AIM OF THE TASK: Below is a listing. Set down exactly the lines from the one containing "Lamborghini - Populaire" through the one containing "UnisexWaterproof Jacket Clear", both ends included, and leave out the rest.
== LISTED ENTRIES ==
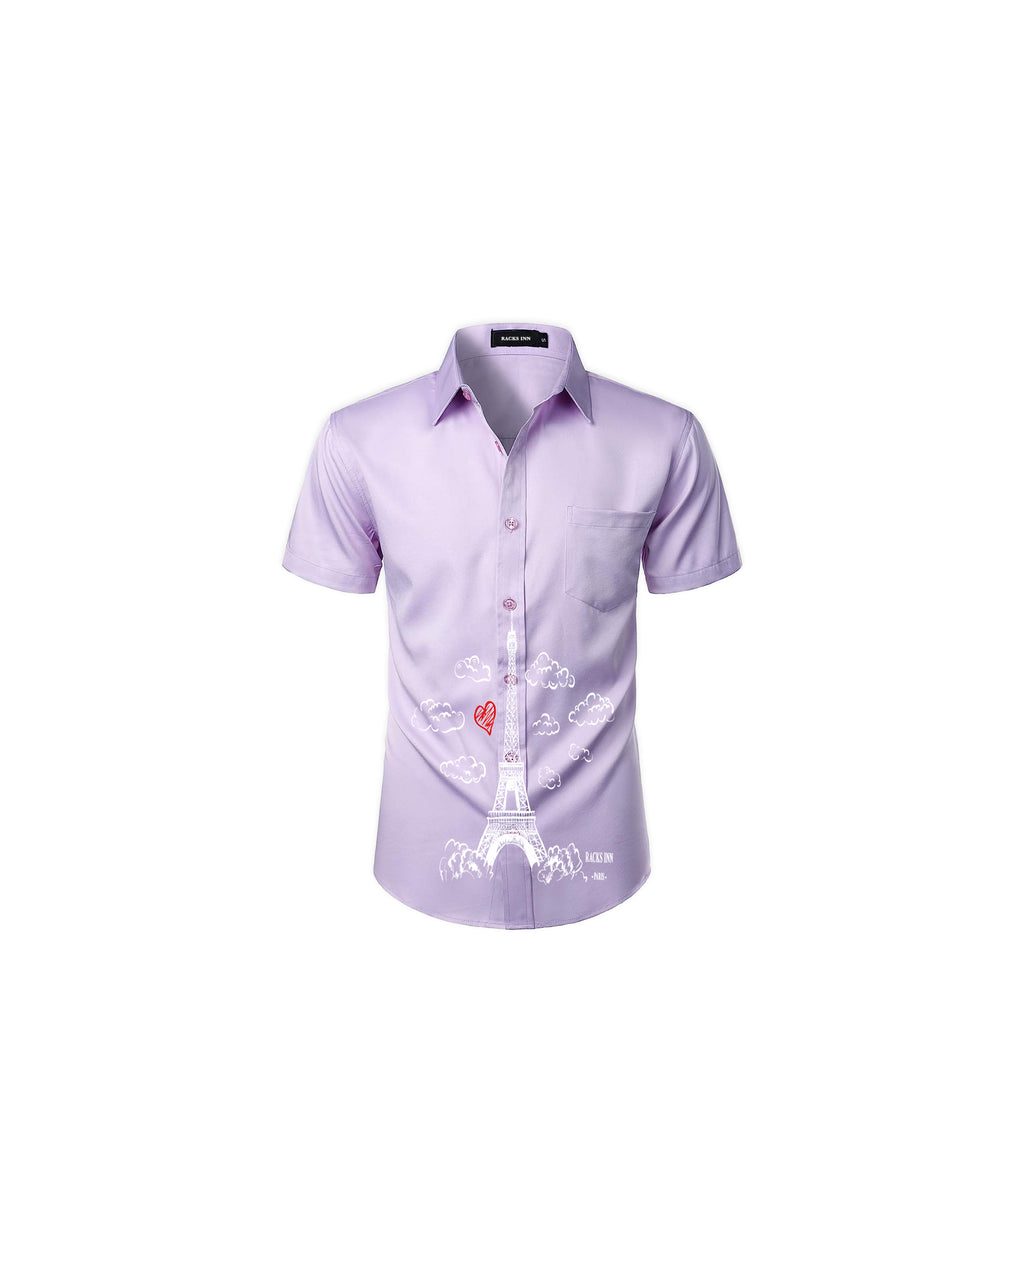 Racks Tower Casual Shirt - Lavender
===
== LISTED ENTRIES ==
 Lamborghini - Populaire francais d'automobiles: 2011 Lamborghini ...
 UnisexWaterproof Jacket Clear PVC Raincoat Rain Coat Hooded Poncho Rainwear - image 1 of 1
===
SOLUTION FOR THIS TASK:
 Lamborghini - Populaire francais d'automobiles: 2011 Lamborghini ...
 UnisexWaterproof Jacket Clear PVC Raincoat Rain Coat Hooded Poncho Rainwear - image 1 of 1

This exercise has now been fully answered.